8
Aerobic training
Aerobic training is gerelateerd aan het proces dat het lichaam energie genereert om te
kunnen functioneren. De standaard brandstoffen die het lichaam gebruikt om energie
op te wekken zijn, vet, proteïne en koolhydraten. Deze brandstoffen kunnen worden
omgezet in energie door gebruik te maken van een van de twee volgende processen,
het aerobic metabolisch proces en het anaerobic metabolisch proces.
Het aerobic proces gebruikt zuurstof als brandstof (aangevoerd door de stroming van
het bloed) en produceert hierdoor de volgende bijproducten: koolstofdioxide en water,
welke worden uitgescheiden door ademhaling en zweten. Het aerobic proces levert de
meerderheid van energie dat gebruikt word voor de traag reagerende spiervezels
(cruciaal voor uithoudingsvermogen).
Het anaerobic proces vindt plaats als er niet voldoende zuurstof in het bloed zit om de
energie te leveren voor een aerobic training.
Dit proces verbruikt koolhydraten omdat het een primaire brandstof is en er een tekort
aan zuurstof is in het bloed. Dit proces levert wel het bijproduct melkzuurzout op.

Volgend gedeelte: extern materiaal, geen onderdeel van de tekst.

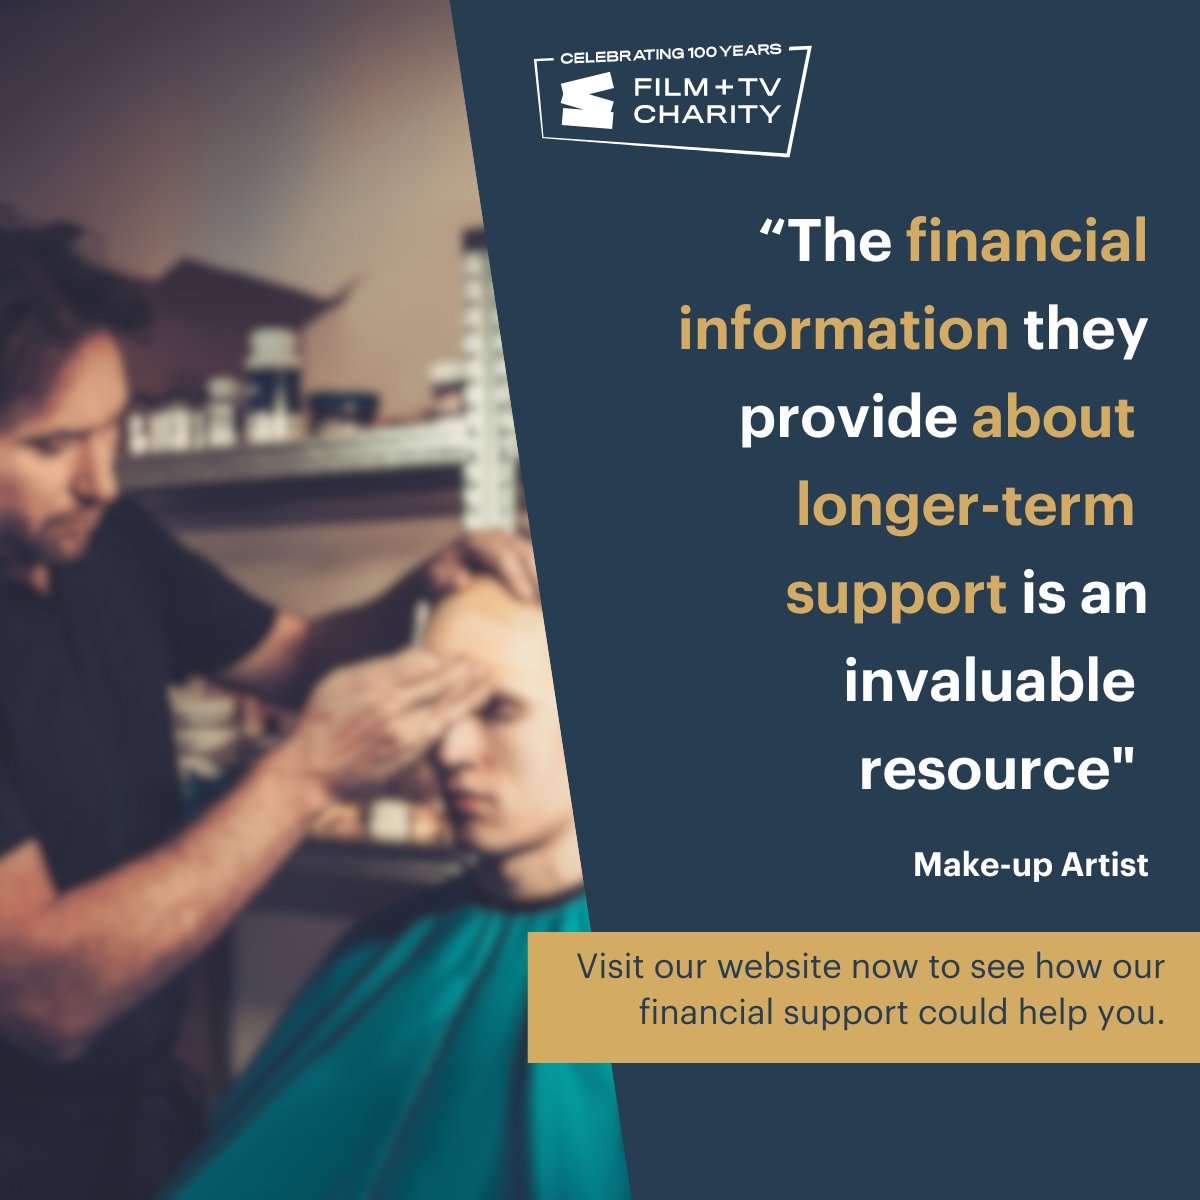 ✨From grants to guidance and tools, our financial support can help your finances in the long term. ✨ Visit our website today to see how we can help you! bit.ly/425JVO3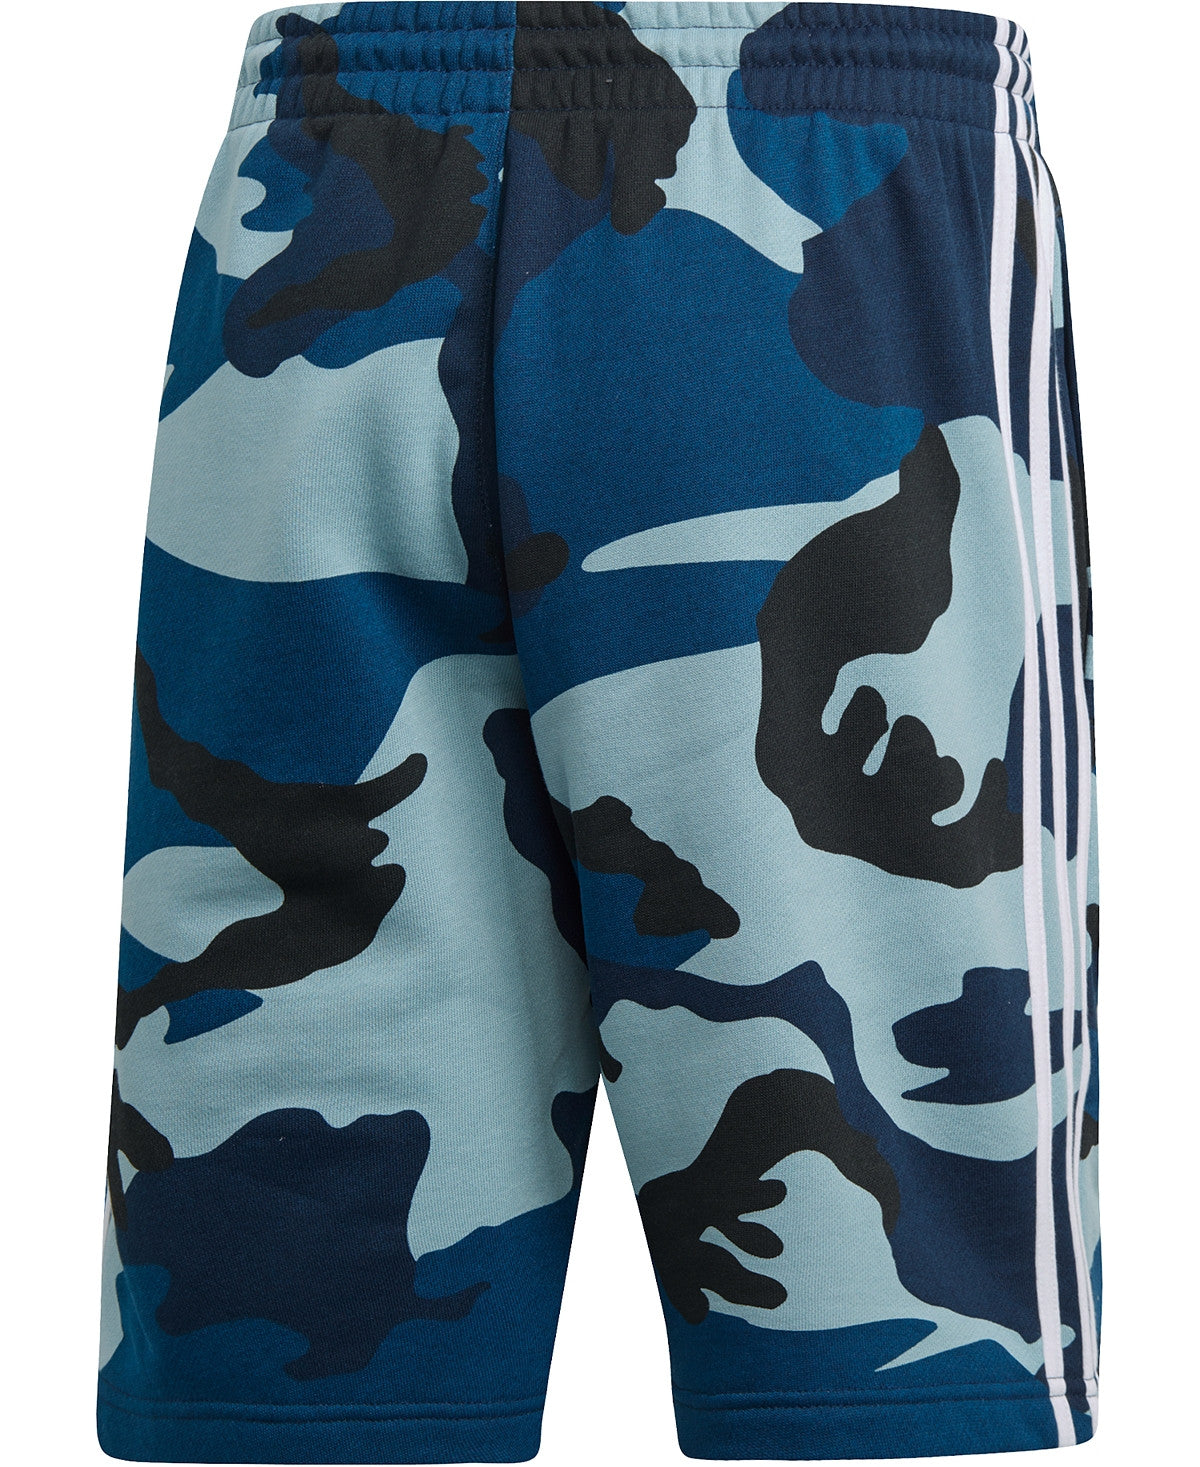 Adidas Originals Camouflageprint French Terry Sweat Shorts Camo

Het is melkzuurzout wat ervoor zorgt dat de spieren pijn gaan doen en vermoeid
aanvoelen bij overbelasting. Het anaerobic proces levert de meerderheid van de
energie dat gebruikt word door de snel reagerende spiervezels (cruciaal voor
krachttraining).
Wanneer we beginnen met trainen word er voornamelijk conditioneel energie
aangemaakt tot het ademhalingssysteem en hart- en bloedvaten reageren en de nodige
zuurstof verbruiken. Voor conditie energieproductie, vanaf dit moment het verhogen
van de ademhaling en de hartslag. Wanneer het zuurstofverbruik voldoende is, wordt
de meeste energie conditioneel aangemaakt, en het balans conditioneel aangevuld. De
melkzuren ontstaan uit deze conditionele productie wordt makkelijk verbrand door de
organen, een aanval op je uithoudingsvermogen vermijdend.
Als de trainings intensiteit verhoogt, zal de mogelijkheid van de spieren om
conditionele energie te produceren een limiet bereiken (bepaald door de capaciteit van
de ademhalingssysteem en hart en –bloedvaten om aanvullende zuurstof toe te
voegen) Op dit moment kan het lichaam geen aanvullende zuurstof meer toevoegen,
en de energieproductie wordt conditioneel. Dit keerpunt is de maximale conditie-
uitvoer en wordt de conditiedrempel genoemd. Training boven dit niveau veroorzaakt
een snelle opbouw van melkzuren, wat leidt tot spiervermoeidheid, en dus het
stopzetten van de training.
Kennis van het conditionele / onconditionele proces is essentieel voor het succesvol
verkrijgen van het trainingsdoel. Vetverbranding (Gewichtsvermindering),
cardiotraining(Hart- en bloedvaten of uithoudingsvermogenfitness), en
conditietraining (uitputtingsvermogen uitstellen) vertrouwen allemaal op de manier
waarop het lichaam energie ontwikkelt.